Wayne Rooney should never play for England again

Sorry Wazza


As Eric Dier powered home an injury-time header to give England a hugely unlikely and enjoyable victory over Germany on Saturday evening, who was the first person you thought of? Where did your mind wander as this new raw, exhilarating, and talented generation of English footballers celebrated on the pitch of Berlin’s Olympiastadion? If you were anything like me you were thinking about Wayne Rooney and whether he ought to be anywhere near the squad for Euro 2016.

Buzzing. Somehow you doubt it. Harry Kane and Deli Alli, playing with the freedom, intelligence and courage of talent given a break, are making Rooney look like a red telephone box in a smartphone world. I don’t want Wayne Rooney to play for England again and neither does any England fan I know. Nobody wants to see Rooney squatting on top of this pyramid of energetic new talent, a cantankerous throwback, a living, sweating reminder of just how shite England have been in every major tournament since Euro 2004.

This is Wayne Rooney at 30, captain of England, captain of Manchester United but very much in the autumn of his career, lacking the energy to rage against the dying of his talent’s light. Every time you watch him this season, scuttling about, scoring the occasional tap in, the word that comes to mind is the same: Wayne Rooney looks tired. And that languor is fatal for a player like Rooney, whose style was always boat-chested, bristlingly kinetic, frighteningly aggressive.

Don’t let anyone tell you Rooney was never any good. Watch a reel of his best goals and marvel at what they all share: a desperate urgency, a screaming desire to win. It’s like if he doesn’t score he’ll be forced back to Croxteth and have all his money taken away. Rooney was a doughty pugilist, a scummy bulldog, the kid who’d score a hat-trick at break and then get done for smoking at lunch. What the television cameras never quite captured was how the imperial Rooney of 2008 to 2012 would control football matches. He’d never shut up, never leave referees alone, rampaging around the pitch angrier than a Brietbart comments section. But what made him the English footballer of his generation – and what he has lost completely – were the divine moments of finesse and imagination (example) that broadened his game, and made him more than just an infuriated streetfighter.

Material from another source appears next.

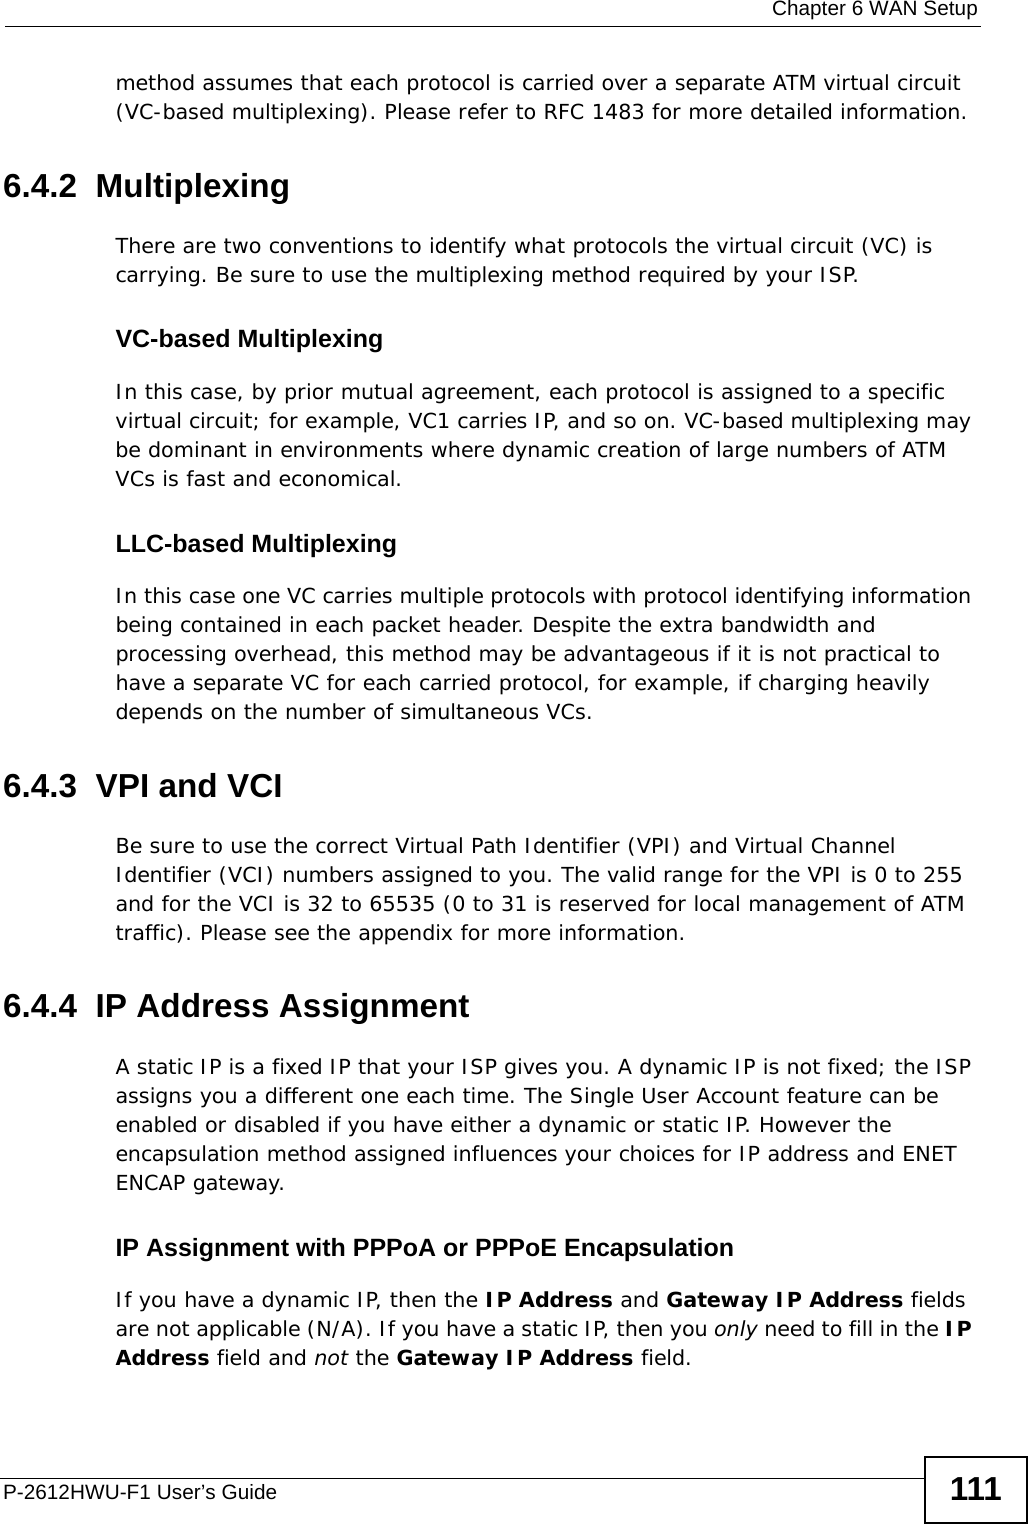  Chapter 6 WAN SetupP-2612HWU-F1 User’s Guide 111method assumes that each protocol is carried over a separate ATM virtual circuit (VC-based multiplexing). Please refer to RFC 1483 for more detailed information.6.4.2  MultiplexingThere are two conventions to identify what protocols the virtual circuit (VC) is carrying. Be sure to use the multiplexing method required by your ISP.VC-based MultiplexingIn this case, by prior mutual agreement, each protocol is assigned to a specific virtual circuit; for example, VC1 carries IP, and so on. VC-based multiplexing may be dominant in environments where dynamic creation of large numbers of ATM VCs is fast and economical.LLC-based MultiplexingIn this case one VC carries multiple protocols with protocol identifying information being contained in each packet header. Despite the extra bandwidth and processing overhead, this method may be advantageous if it is not practical to have a separate VC for each carried protocol, for example, if charging heavily depends on the number of simultaneous VCs.6.4.3  VPI and VCIBe sure to use the correct Virtual Path Identifier (VPI) and Virtual Channel Identifier (VCI) numbers assigned to you. The valid range for the VPI is 0 to 255 and for the VCI is 32 to 65535 (0 to 31 is reserved for local management of ATM traffic). Please see the appendix for more information.6.4.4  IP Address AssignmentA static IP is a fixed IP that your ISP gives you. A dynamic IP is not fixed; the ISP assigns you a different one each time. The Single User Account feature can be enabled or disabled if you have either a dynamic or static IP. However the encapsulation method assigned influences your choices for IP address and ENET ENCAP gateway.IP Assignment with PPPoA or PPPoE EncapsulationIf you have a dynamic IP, then the IP Address and Gateway IP Address fields are not applicable (N/A). If you have a static IP, then you only need to fill in the IP Address field and not the Gateway IP Address field.

None of those great goals has been in England shirt. None of those spectacular moments has been in England shirt. Yes, he’s the all-time top goal scorer – an achievement built largely on goals your mum would have scored against Andorra. The feeling pervades that such a record is a meaningless token, signifying nothing, meaning very little – even to Rooney – unless he takes England all the way to the final of a tournament, as Bobby Charlton did. As it stands Rooney’s tournament record stands at a disastrous six goals in six major championships.

You have to ask the question, should Rooney be trusted, at this late stage, to lead England into a tournament? With the emergence of Kane, Ali and Vardy this season and with Sturridge and Welbeck in the mix, it’s hard to argue that Rooney should be on the bench, let alone start against Russia on June 11th.

Very few England fans would be upset if he didn’t make the squad, regardless of all those tap-ins in qualifying. But that’s the thing with Roy Hodgson, you know that behind his owlish visage there’s a brain, a sick, sick brain that would rather watch Wayne Rooney and James Milner swim lengths than see Deli Ali and Ross Barkley play water polo in the pool across the road.